Сколько было страхов, когда мы узнали о самиздатном романе X, но потом мелькнула надежда, что его никто не напечатает, а когда напечатали за бугром - что не напечатают в России, а когда напечатали в России, - что удастся замолчать, и он пройдет незамеченным. Да, мы здесь сходились с гэбухой, которую этот дурак, размахивая словом, как копьем, задел не меньше, чем нас, и многих других тоже, нажив себе смертельных врагов - несть им числа. Еще до выхода романа мы бросились в контратаку, приписав тебе хулу про этот роман с эпиграфами, хотя к тому времени ты скончался, пусть и успел написать свой проклятый стих, но опровергнуть будто бы сказанные тобой слова о Y– слабо. Еще ни один мертвец не вступал в диалог с живыми, им там не до того, у них, наверно, свои разборки, почище наших. Или им ни до чего? А так мог бы опровергнуть собственный пасквильный стишок и написать оттуда публичную защиту от наших здешних супостатов.
А что? Почему нет? Это мысль. Не ты с нами, так мы с тобой – по мобильнику на тот свет. Чем не стихотворный сюжет? Ведь был друг, хоть и враг, даже брат, что брат? сорок тысяч братьев, спасибо принцу Датскому: есть шанс с того света восстановить нашу репутацию на этом, коли сам же обгадил и дал оружие врагам.
Как и что сказать тебе – знаем, а что скажешь ты нам в ответ из Сан-Микеле? Плюнь, скажешь, на этих мудаков, а лучше приляг, как я, но не навсегда, а так, на несколько мгновений. Умри как никто не умирал - понарошку, вот тогда вся эта возня и прекратится, к нам придет посмертная слава, а мы – живы-живехоньки! Посмертная слава при жизни, но тонко, без нажима, ненавязчиво, чтобы не мы сказали, а читатель сам додумал. Ведь спекуляция на смерти – разве это по честному? Смерть – условность. Если бы, скажем, мы умерли, то вся посмертная слава нам, а не тебе, и кто знает – ничуть не меньше, наверное.
Ах да, эта клятая нобелька, ее как раз при жизни присуждают.
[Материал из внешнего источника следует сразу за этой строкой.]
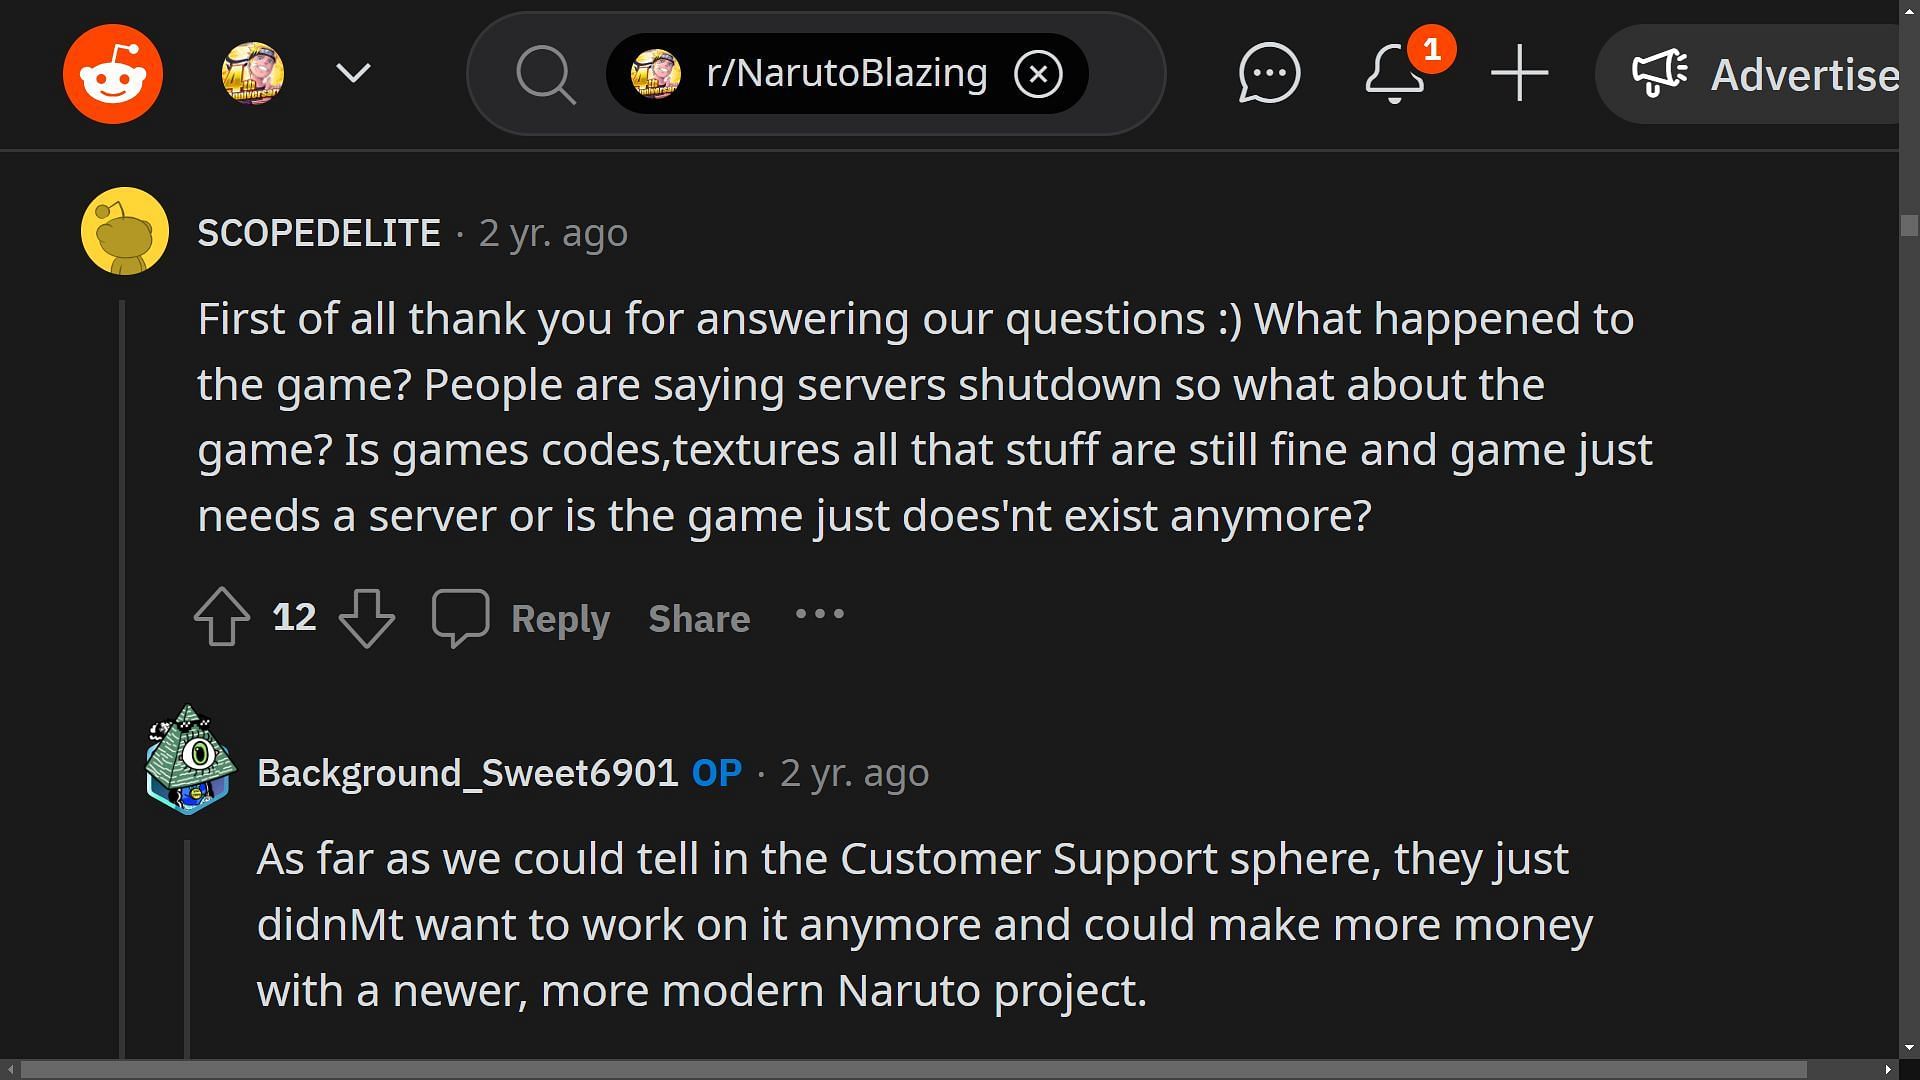 The person in the subreddit also explained how Bandai Namco wanted to focus their efforts on a new project (Screengrab via Reddit thread r/NarutoBlazing)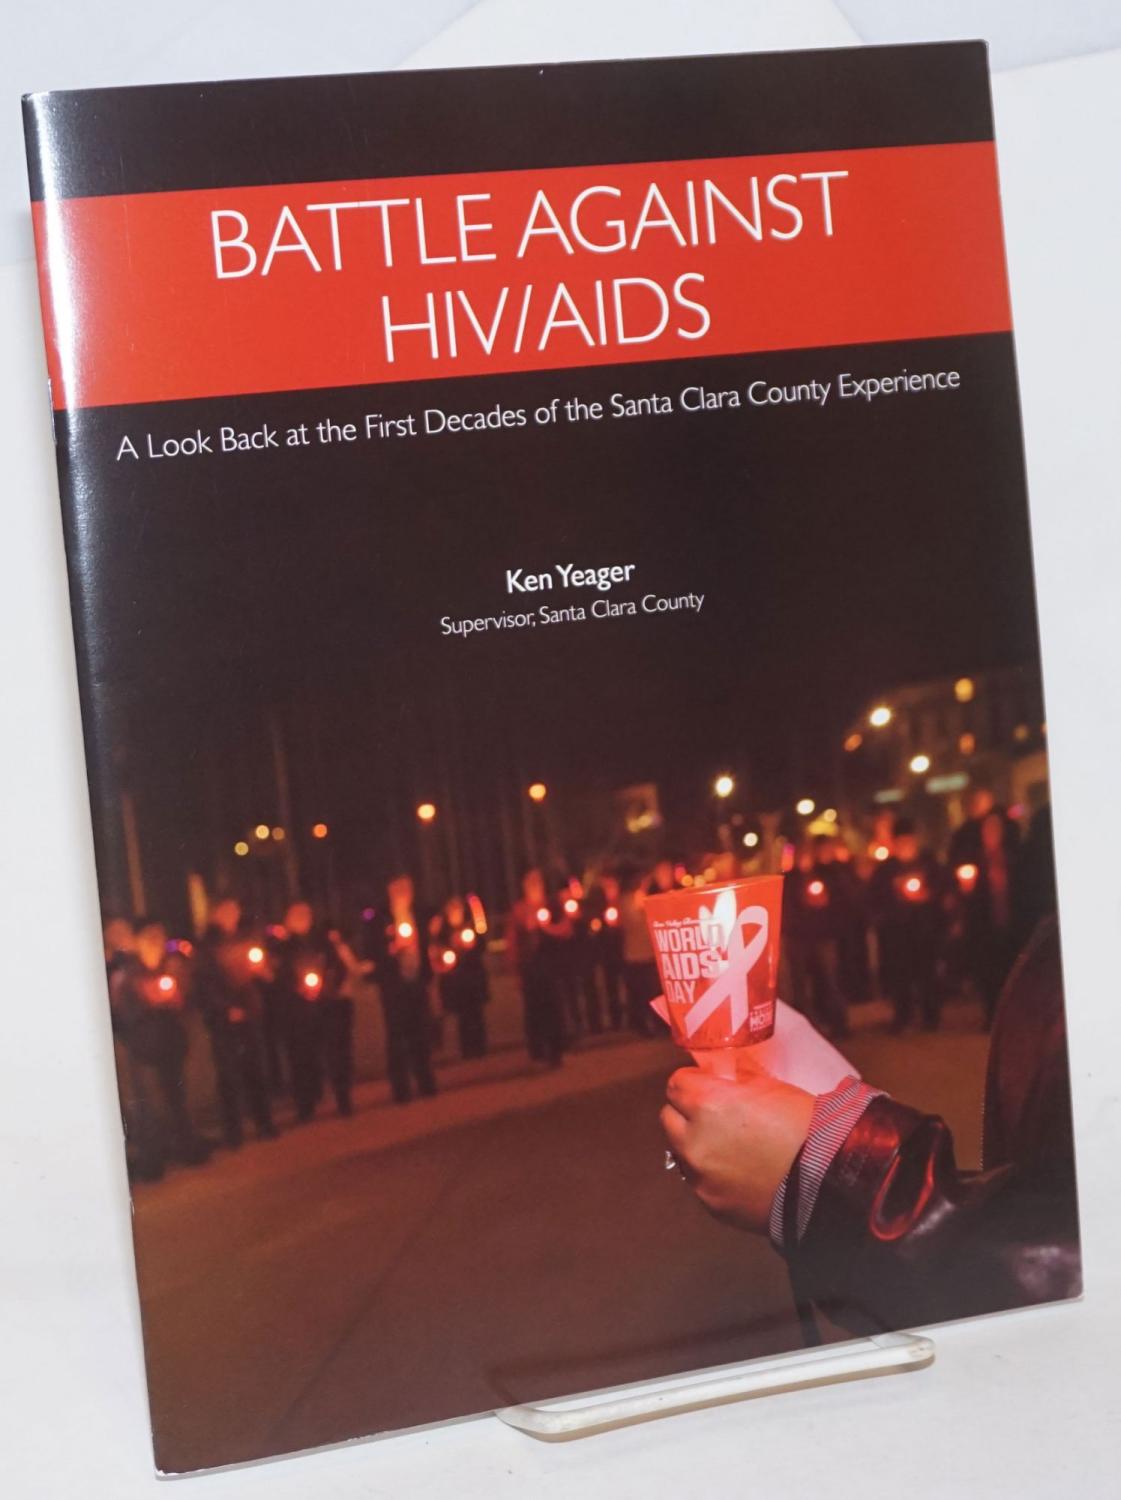 Battle Against HIV/AIDS: a Look Back at the First Decades of the Santa Clara County Experience, book cover

Вот я и говорю: умереть понарошку, собрав со смерти процент, а потом воскреснуть как ни в чем не бывало и – нобельку. Почему всё тебе: суд, ссылка, эмиграция, нобелька, слава, смерть?
Когда ты умер, мы всех опередили с мемуаром – всё объяснили, расставили по местам, кусачий этот стих отнесли к литературной полемике, как твой ответ на наше замечание по твоей поэтике, нейтрализовали роман Y твоими словами: говорил – не говорил, теперь не проверишь. Ну, не говорил, но мог говорить, стенограммы не вели, прослушки не было, магнитофон в кармане не прятали.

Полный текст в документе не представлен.